With the lower edge 112 of the stylus tip 110 out of contact with the proximal end 16 of the patient’s tibia 18, the surgeon may rotate the housing 80 (and the stylus arm 52) about the shaft 84, as indicated by arrow 162 in FIG. 6, relative to the foot 62, which remains stationary with the tibial cutting block 64 on the patient’s tibia 18. This mediolateral movement allows the surgeon to reposition the stylus arm 52 over, for example, the lateral compartment of the patient’s tibia 18. During movement of the stylus arm 52 along arrow 162, the stylus tip 110 faces away from the proximal end 16 of the patient’s tibia 18. With the lower edge 112 of the stylus tip 110 out of contact with the proximal end 16 of the patient’s tibia 18, the surgeon may also slide the stylus arm 52 relative to the housing 80 to move the stylus tip 110 in an anterior-posterior direction relative to the foot 62. This anterior-posterior movement allows the surgeon to reposition the stylus arm 52 over, for example, the lateral compartment of the patient’s tibia 18.

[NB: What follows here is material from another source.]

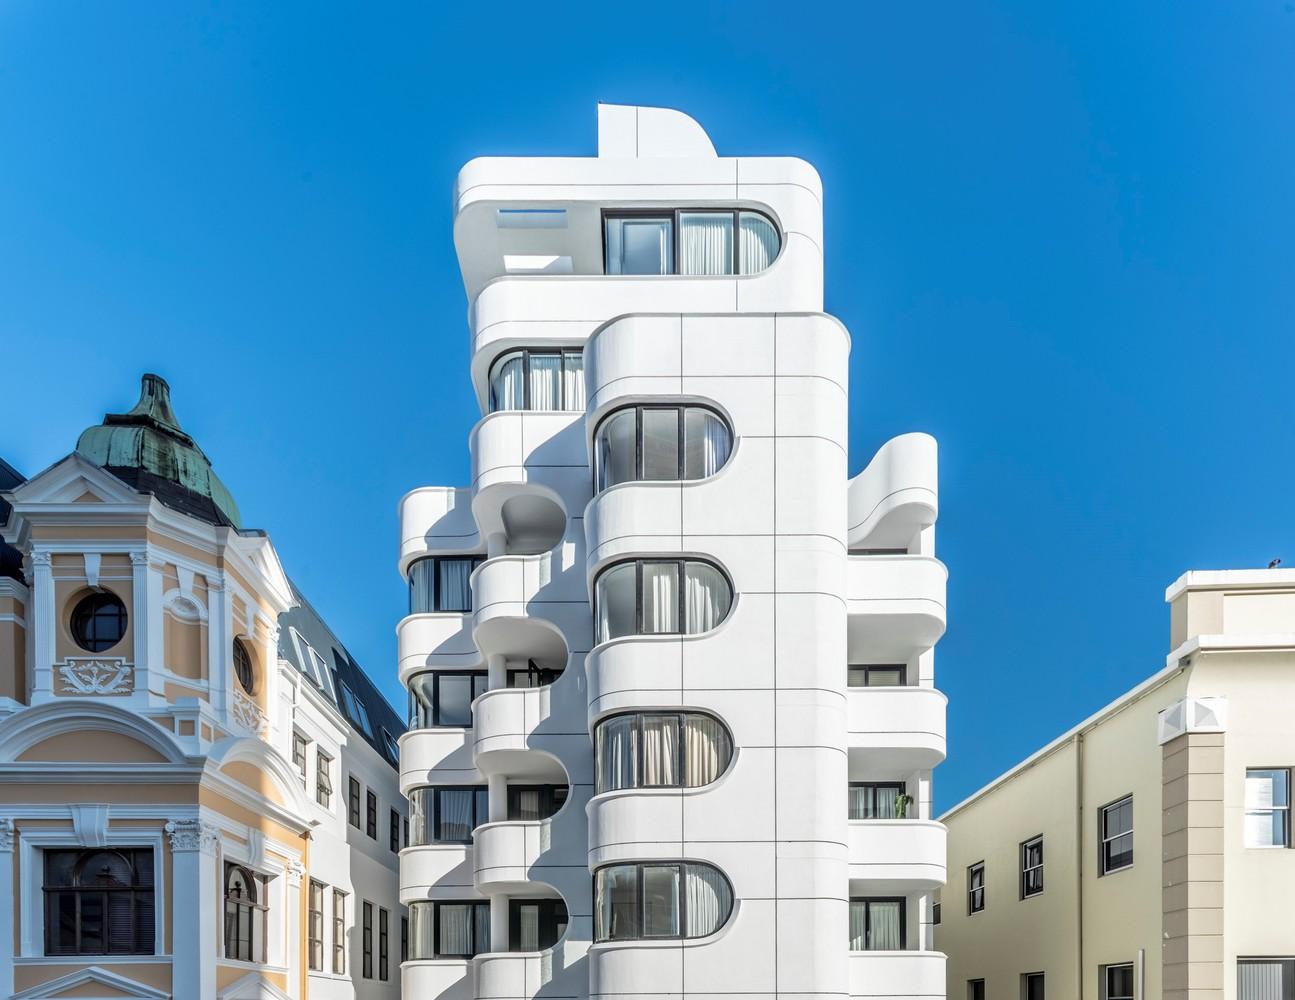 Tuynhuys Apartment Building / Robert Silke & Partners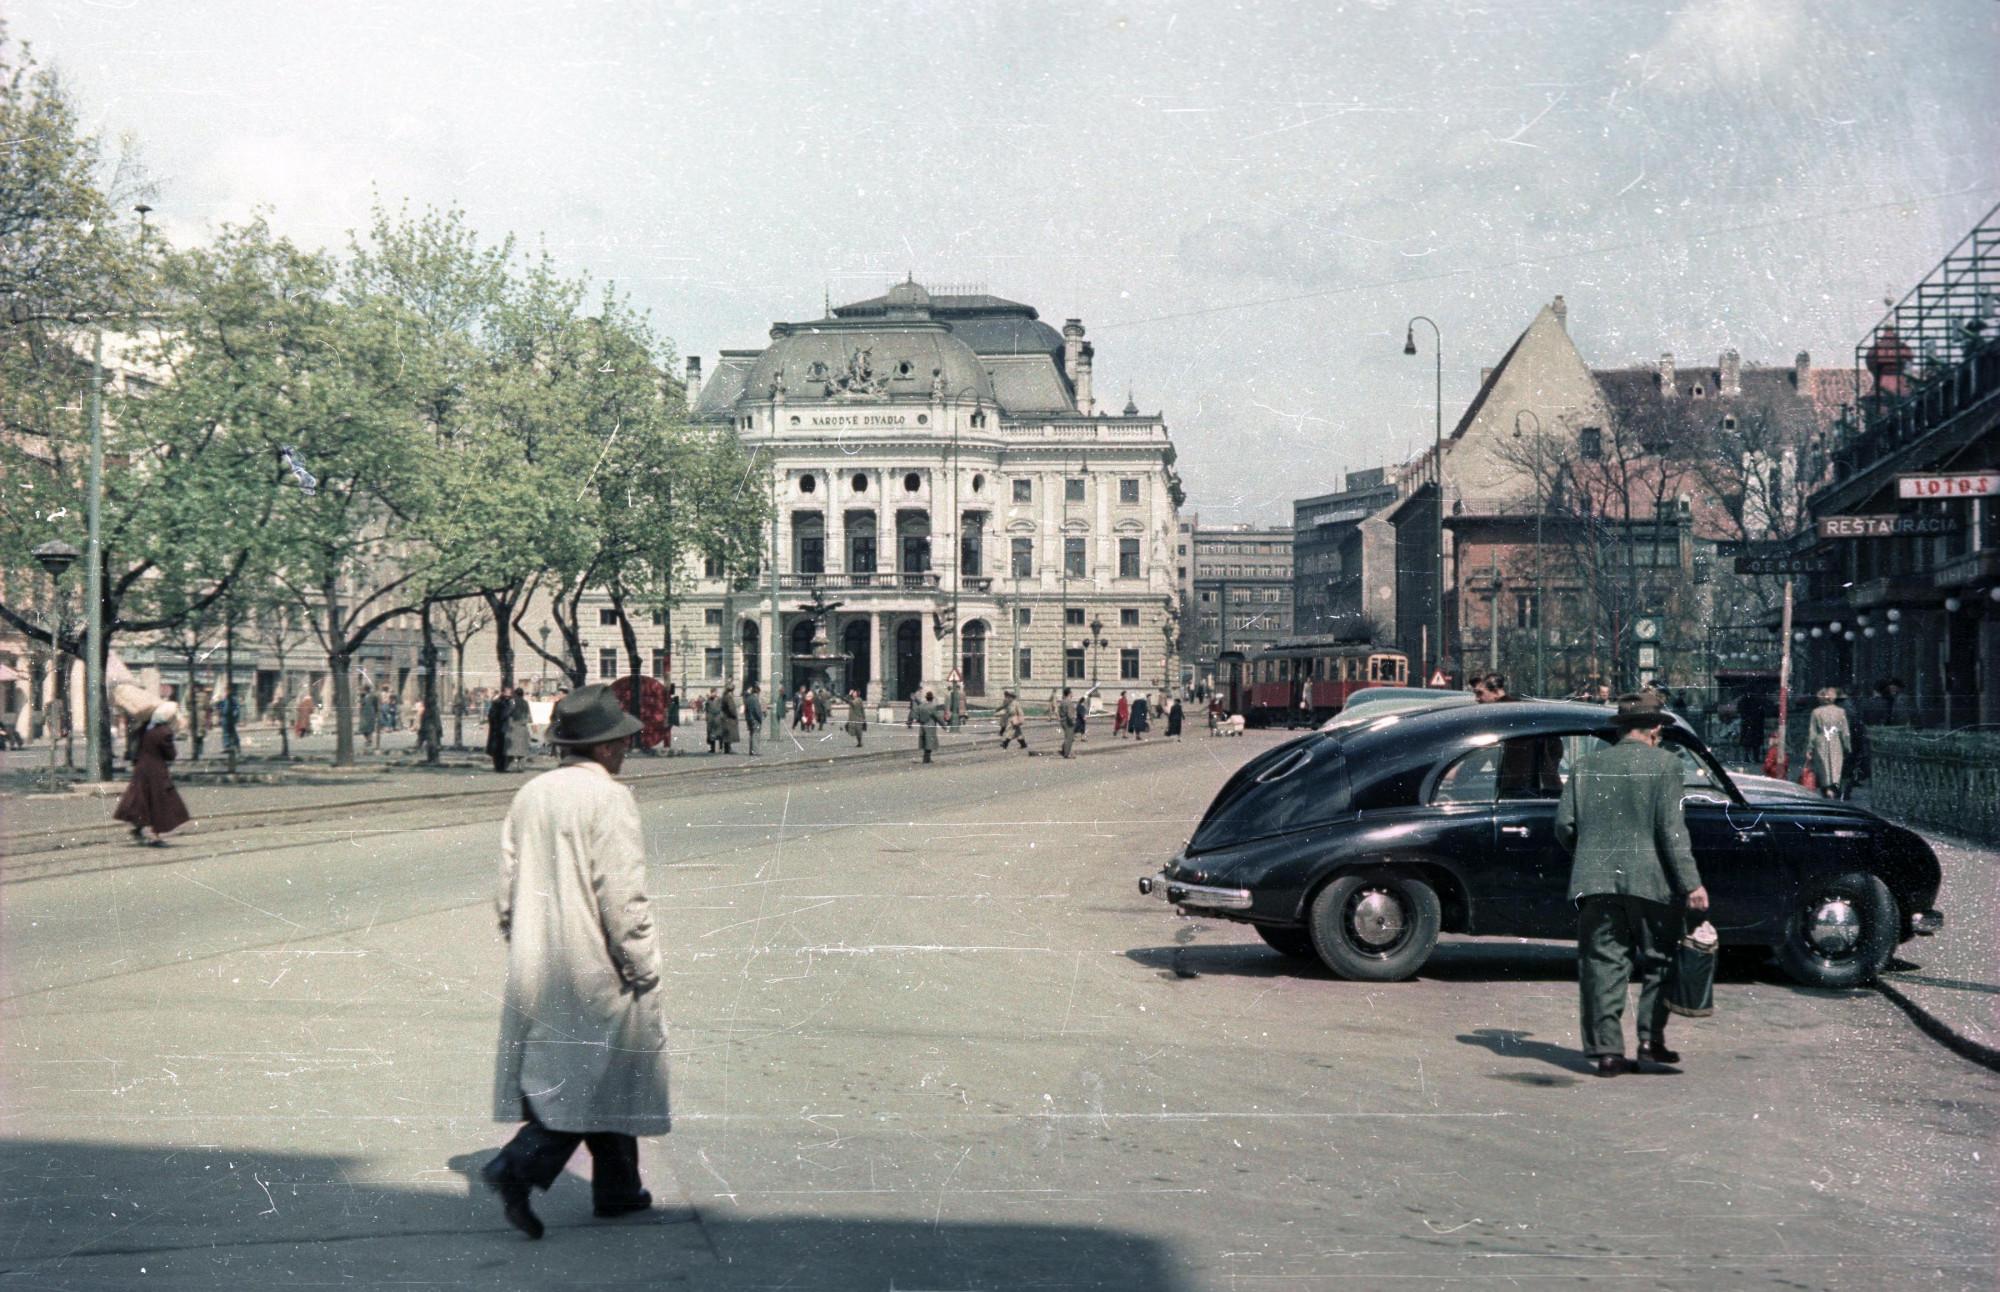 1959 Bratislava Братислава. Площадь Гвездослава напротив Национального театра2

The surgeon may use the handle 108 to rotate the stylus arm 52 about the longitudinal axis 102. As the surgeon rotates the handle 108, the end 120 of the retaining pin 122 is advanced back toward the groove 56 of the elongated shaft 100, with the spring of the retaining pin 122 urging the end 120 of the retaining pin 122 into the groove 56 such that further rotation of the stylus arm 52 is resisted and/or blocked. With the lower edge 112 of the stylus tip 110 in contact with the lateral compartment of the patient’s tibia 18, the surgeon may evaluate the resulting position of the cutting surface 72 of the tibial cutting block 64, which may angle the resection plane 10, as shown in FIG. 1B. If the surgeon is satisfied with the position, the tibial cutting block 64 may be attached to the patient’s tibia 18 via fixation pins before the orthopaedic surgical instrument 50 is removed and the resection performed.

Prior to rotating the stylus arm 52 and moving the lower edge 112 of the stylus tip 110 from one compartment of the patient’s tibia 18 to the other, the surgeon may insert a fixation pin in one guide hole of the tibial cutting block 64 to partially attach the tibial cutting block 64 to the patient’s tibia 18. As the surgeon moves the lower edge 112 of the stylus tip 110 to the other compartment, the tibial cutting block 64 is permitted to pivot about the fixation pin, assisting the surgeon in setting the medial-lateral slope of the resection plane 10.

It should be appreciated that the orthopaedic surgical instrument 50 may be attached to cutting blocks having configurations different from that of the tibial cutting block 64. For example, the plates 66, 68 of the foot 62 may be sized and shaped to be received in captured or closed cutting guide slots of a cutting block rather than in a separate slot 70.

While the disclosure has been illustrated and described in detail in the drawings and foregoing description, such an illustration and description is to be considered as exemplary and not restrictive in character, it being understood that only illustrative embodiments have been shown and described and that all changes and modifications that come within the spirit of the disclosure are desired to be protected.

There are a plurality of advantages of the present disclosure arising from the various features of the apparatus, system, and method described herein. It will be noted that alternative embodiments of the apparatus, system, and method of the present disclosure may not include all of the features described yet still benefit from at least some of the advantages of such features. Those of ordinary skill in the art may readily devise their own implementations of the apparatus, system, and method that incorporate one or more of the features of the present invention and fall within the spirit and scope of the present disclosure.